Вместе с тем архаизирующая модерность постоянно порождала новые и новые травмы — не только потому, что насилие оказывалось наиболее эффективным способом разрешения непрерывно возникающих противоречий, но и потому, что советская теократия, как и любая религиозная система, нуждалась в постоянных жертвоприношениях, невольно воспроизводя механизмы, описанные Ж. Батаем в «Проклятой доле» и Р. Жираром в трактате «Насилие и священное»[20]. На этой почве формируется «танатологическая перспектива сталинистской культуры»[21], которую отмечают различные исследователи. Так, М. Рыклин пишет о «доминировании в постреволюционной советской культуре опыта насильственной смерти», подчеркивая: «Насильственная смерть стала бессознательно восприниматься как норма, оказалась моделью любой другой смерти, тогда как на Западе, несмотря на войны и природные катаклизмы, преобладает парадигма естественной биологической смерти»[22]. Игал Халфин обращается в своей книге об автобиографиях коммунистов (и о категориях добра и зла в советской культуре) к описанию «коммунистической эсхатологии», в соответствии с которой «бесклассовое общество будет осуществлено только тогда, когда пролетариат будет очищен от злых душ». Это представление, по мысли Халфина, и «заложило идеологическую матрицу, внутри которой широкомасштабное насилие имело моральный смысл»[23]. Завершается книга выводом: коммунисты «видели… единственный способ осуществить смысл своей жизни, но так как этот смысл понимался трансиндивидуально и трансисторически [то есть трансцендентально, в соответствии с религиозной доминантой советской культуры. — М.Л.], то жизнь приравнивалась к смерти.
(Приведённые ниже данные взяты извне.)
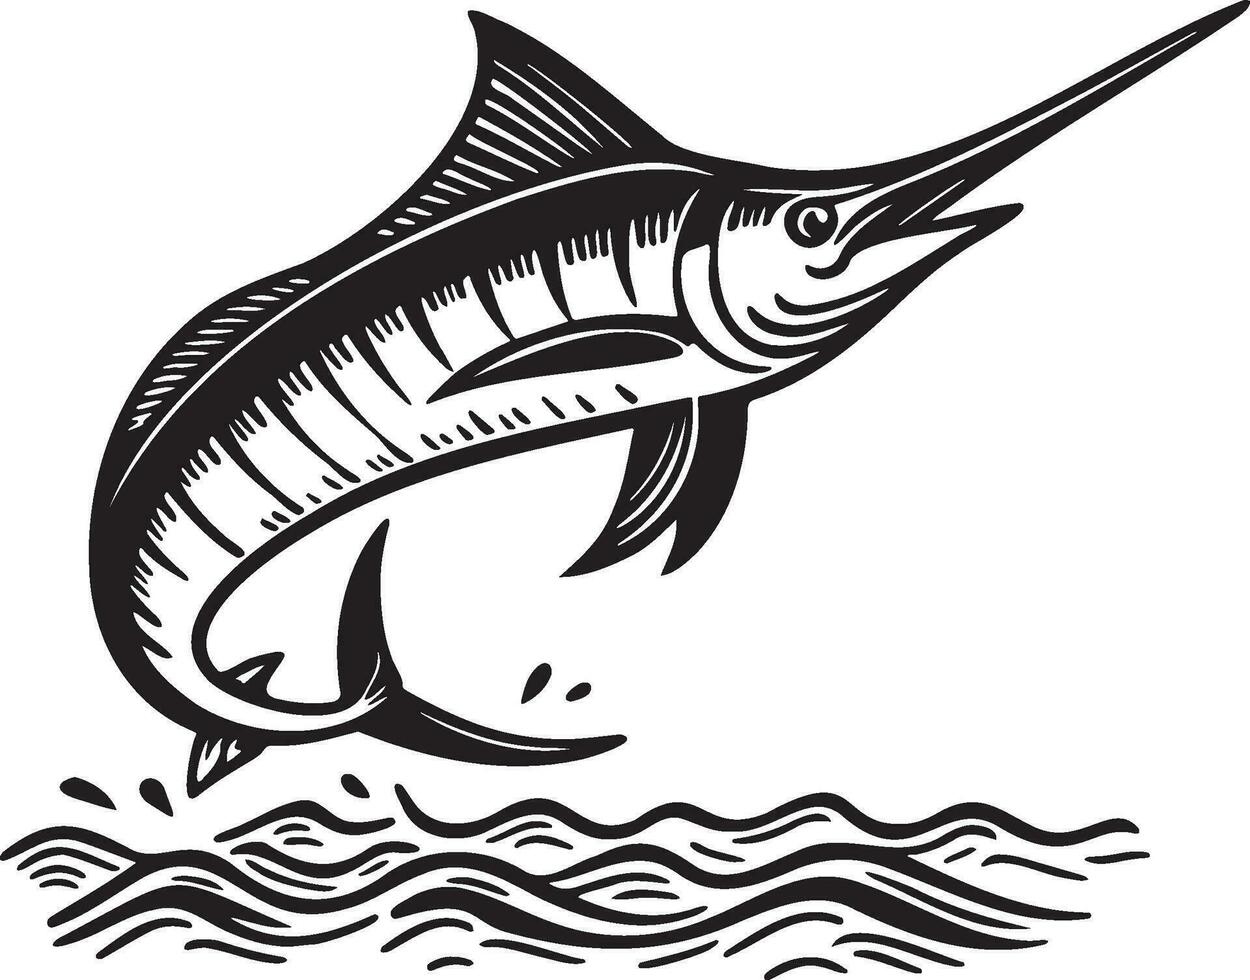 Marlin Fish Sketch Drawing. vector

В каком-то смысле вступление в партию было самоубийством — смертью автономной, самодостаточной индивидуальности»[24]. А Е. Добренко раскрывает в развитии советской культуры 1920–1950-х годов следующую схему: «в спорах о „покорении природы“ и вырабатываемом в них дискурсе метафорического насилия происходит „открытие приема“; затем в дискурсе педагогического насилия, где мы имеем дело с „перековкой“, происходит „обнажение приема“; наконец, в практиках скрытого насилия, связанных с рутинизацией террора, где устанавливается „магический дискурс“ преображения соцреалистического героя, перед нами — „сокрытие приема“»[25]. Следуя этой логике, надо признать, что именно насилие становится центральным означающим советского сакрального.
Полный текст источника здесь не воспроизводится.